Random Stuff - Chapter 306
Our behaviors are not based on logic or ideas. Logic and ideas can influence our decisions, but ultimately, our feelings determine what we do.
We do what feels good and avoid what feels bad. And the only way we can ever NOT do what feels good, and do what feels bad instead, is through a temporary boost of willpower—to deny ourselves our desires and feelings and instead do what was “right.”
Throughout history, virtue was seen in terms of this sort of self-denial and self-negation. To be a good person, you had to not only deny yourself any pleasure, but you also had to show your willingness to hurt yourself. You had monks hitting themselves and locking themselves in rooms for days and not eating or even speaking for years on end. You had armies of men throwing themselves into battle for little or no reason. You had people abstaining from s.e.x until marriage, or even for life. Shit was not fun.
This classical approach is where our assumption that “willpower = self-discipline” originally comes from. It operates on the belief that self-discipline is achieved through denying or rejecting one’s emotions. You want that taco? BAD MARK! YOU DON’T WANT SHIT! YOU ARE SHIT! YOU DESERVE TO STARVE YOU INGRATE!
The classical approach fused the concept of willpower—i.e., the ability to deny or reject one’s desires and emotions—with morality. Someone who can say no to the taco is a good person. The person who can’t is a failure of a human being.
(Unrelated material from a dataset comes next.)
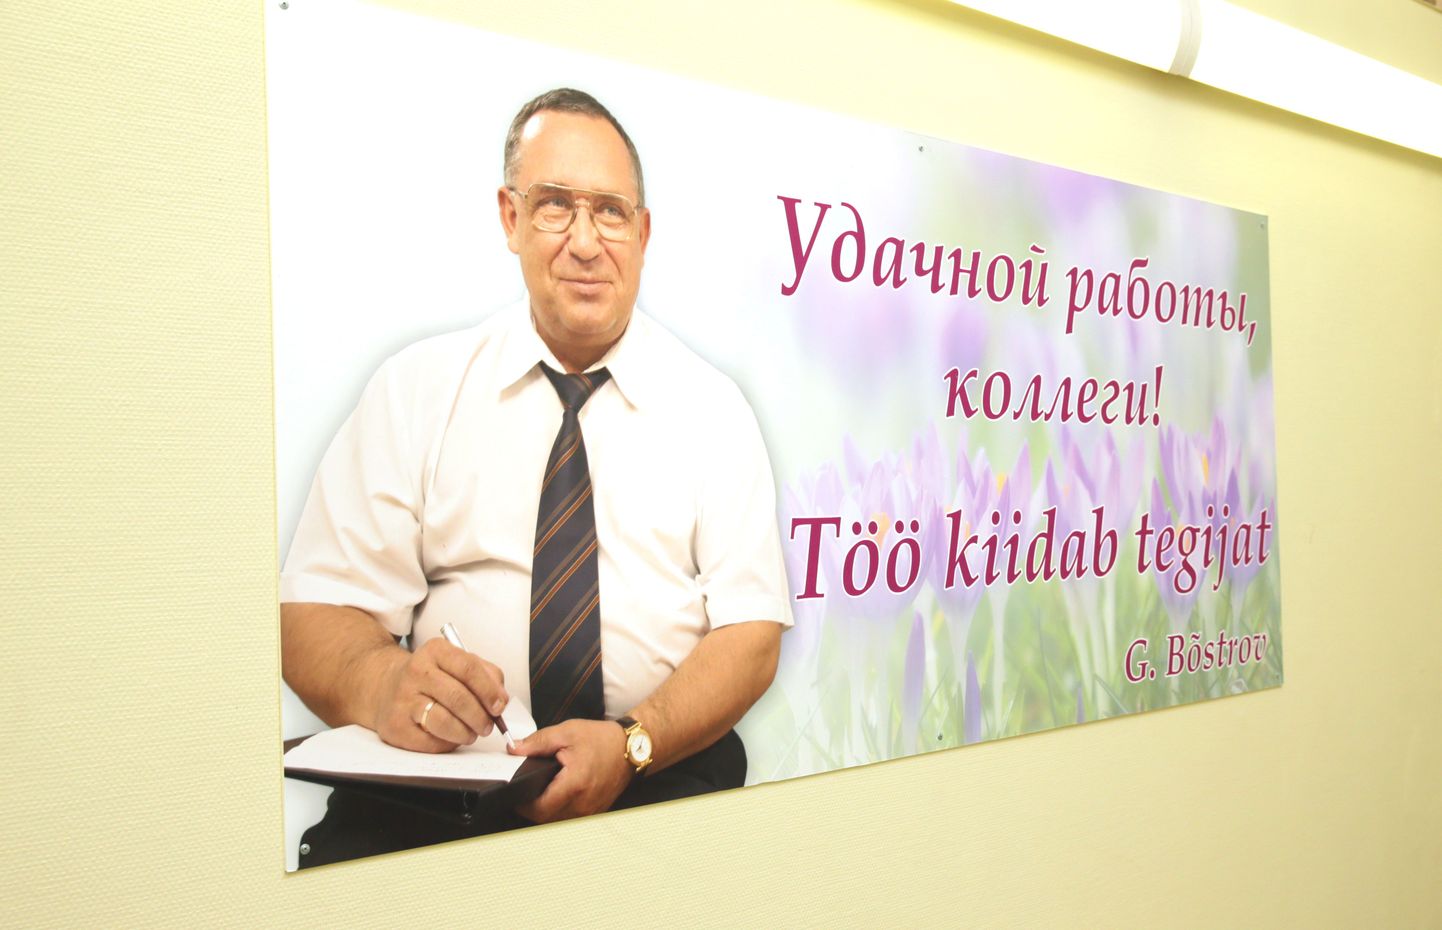 Этот плакат приветствует посетителей здания, где в Маарду соседствуют мэрия и горсобрание.

THE CLASSICAL APPROACH TO SELF-DISCIPLINE
Self-Discipline = Willpower = Self-Denial = Good Person
This fusion of willpower and morality had good intentions. It recognized (correctly) that, when left to our own instinctive desires, we all become narcissistic assholes. If we could get away with it, we would eat, f.u.c.k, or kill pretty much anything or anyone within a ten-meter vicinity. So the great religious leaders and philosophers and kings throughout history preached a concept of virtue that involved suppressing our feelings in favor of rationality and denying our impulses in favor of developing willpower.
And the classic approach works! …kind of. Well, okay, while it makes a more stable society, it also totally f.u.c.ks us up individually.
The classic approach has the paradoxical effect of training us to feel bad about all the things that make us feel good. It basically seeks to teach us self-discipline through shaming us—by making us hate ourselves for simply being who we are. And the idea is that once we are saddled with a sufficient amount of shame about all the things that give us pleasure, we’ll be so self-loathing and terrified of our own desires that we’ll just fall in line and do what we’re told.